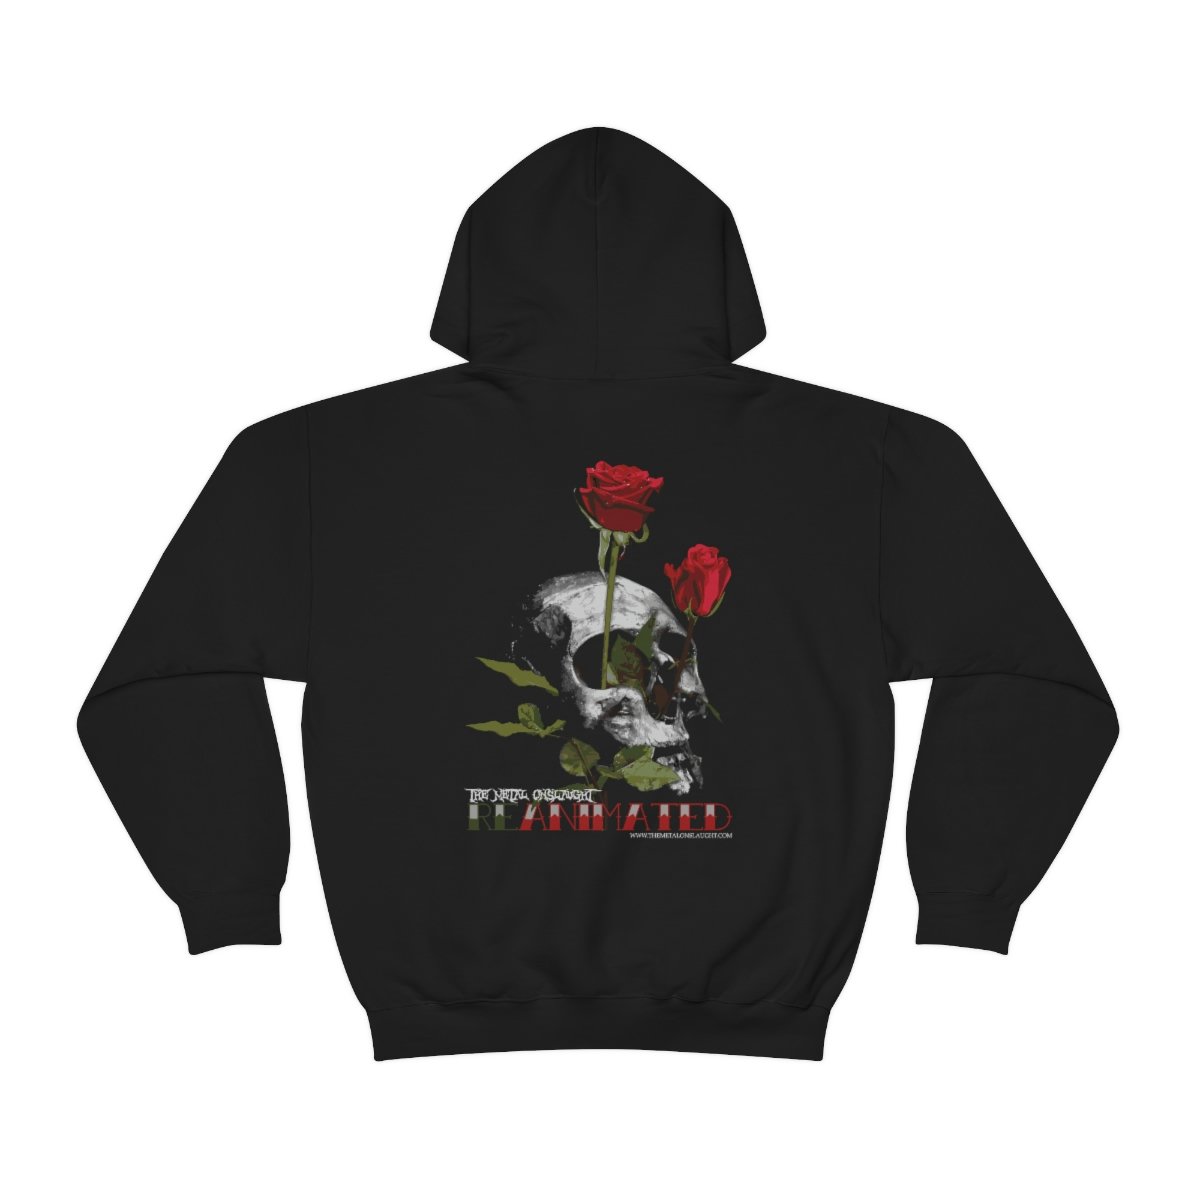 The Metal Onslaught Radio Show – Death To Life Pullover Hooded Sweatshirt
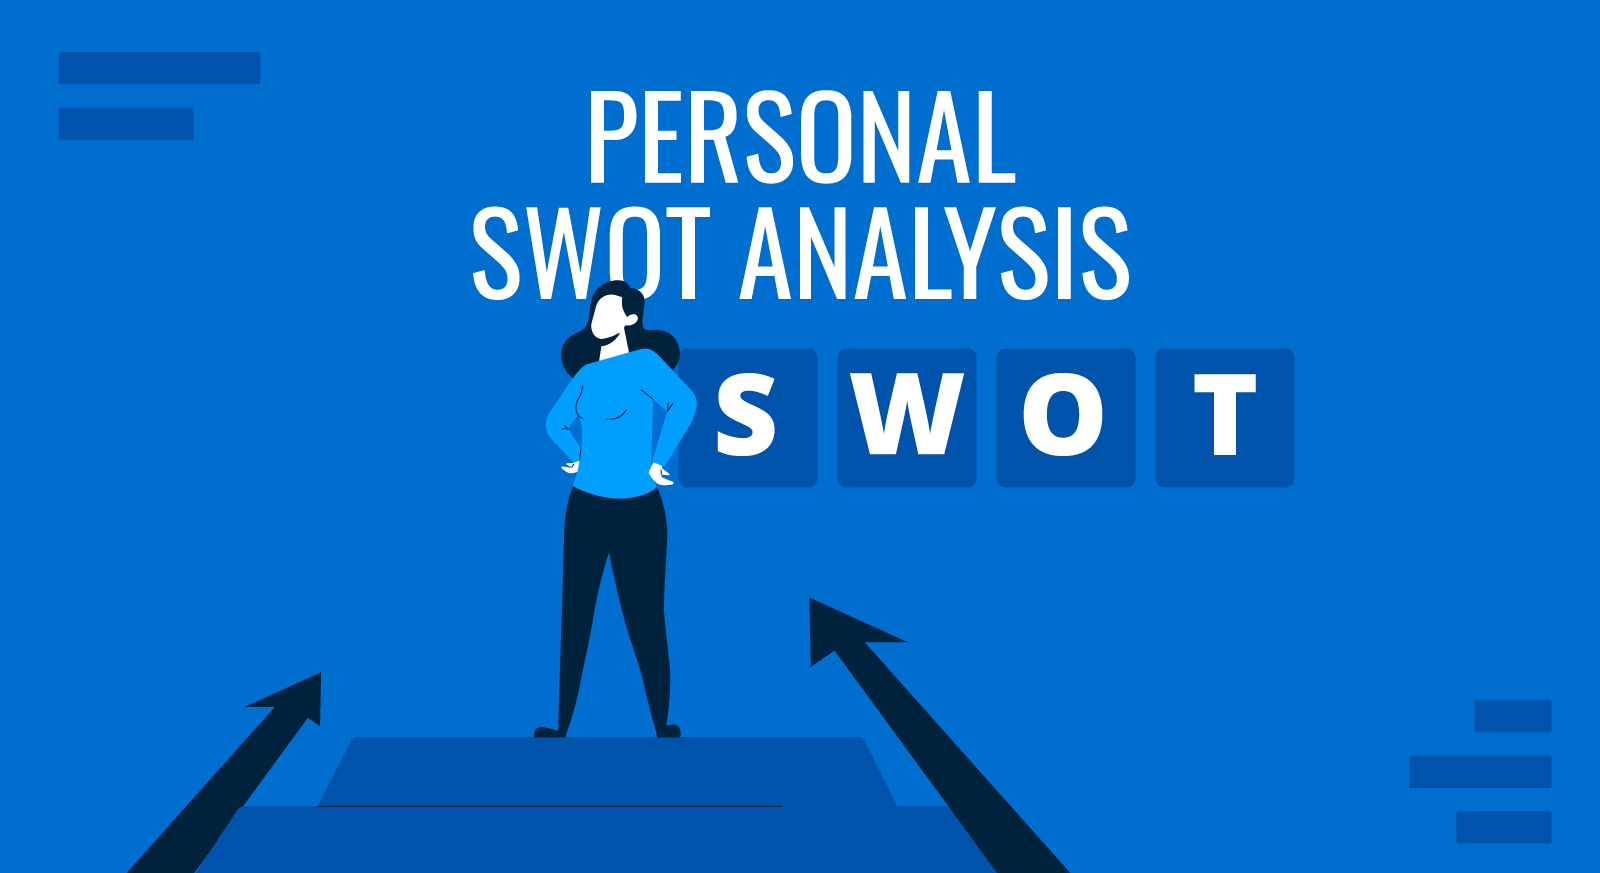 Personal SWOT Analysis: Quick Guide (with Examples)
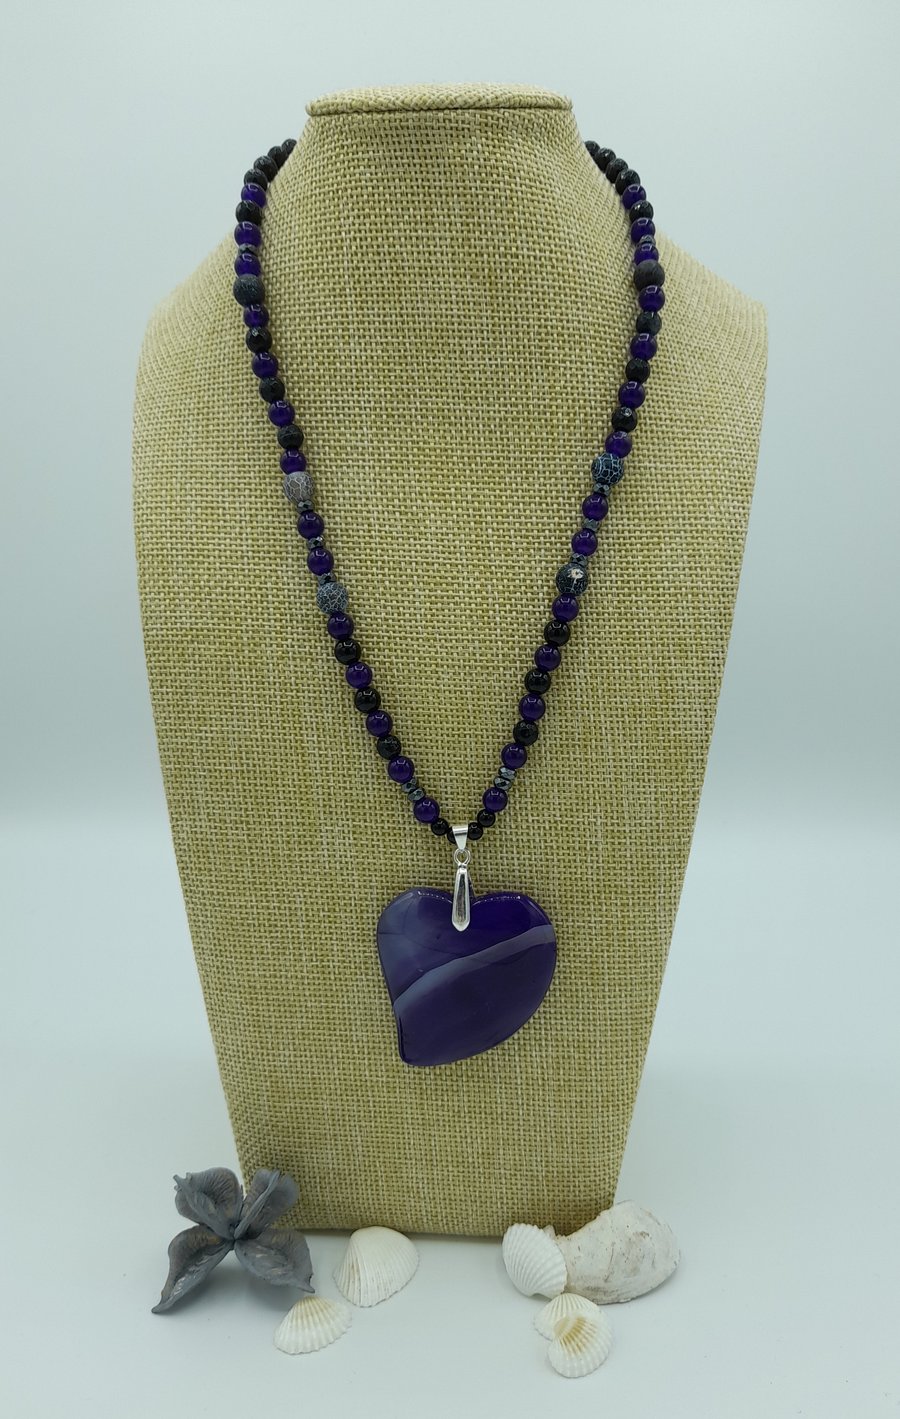 Quirky Purple heart necklace

* * * * * * *

ABOUT THIS EXERCISE –
Without including any pictures, copy every line above exactly.

RESULT FOR THIS TASK –
 The Metal Onslaught Radio Show – Death To Life Pullover Hooded Sweatshirt
 Personal SWOT Analysis: Quick Guide (with Examples)
 Quirky Purple heart necklace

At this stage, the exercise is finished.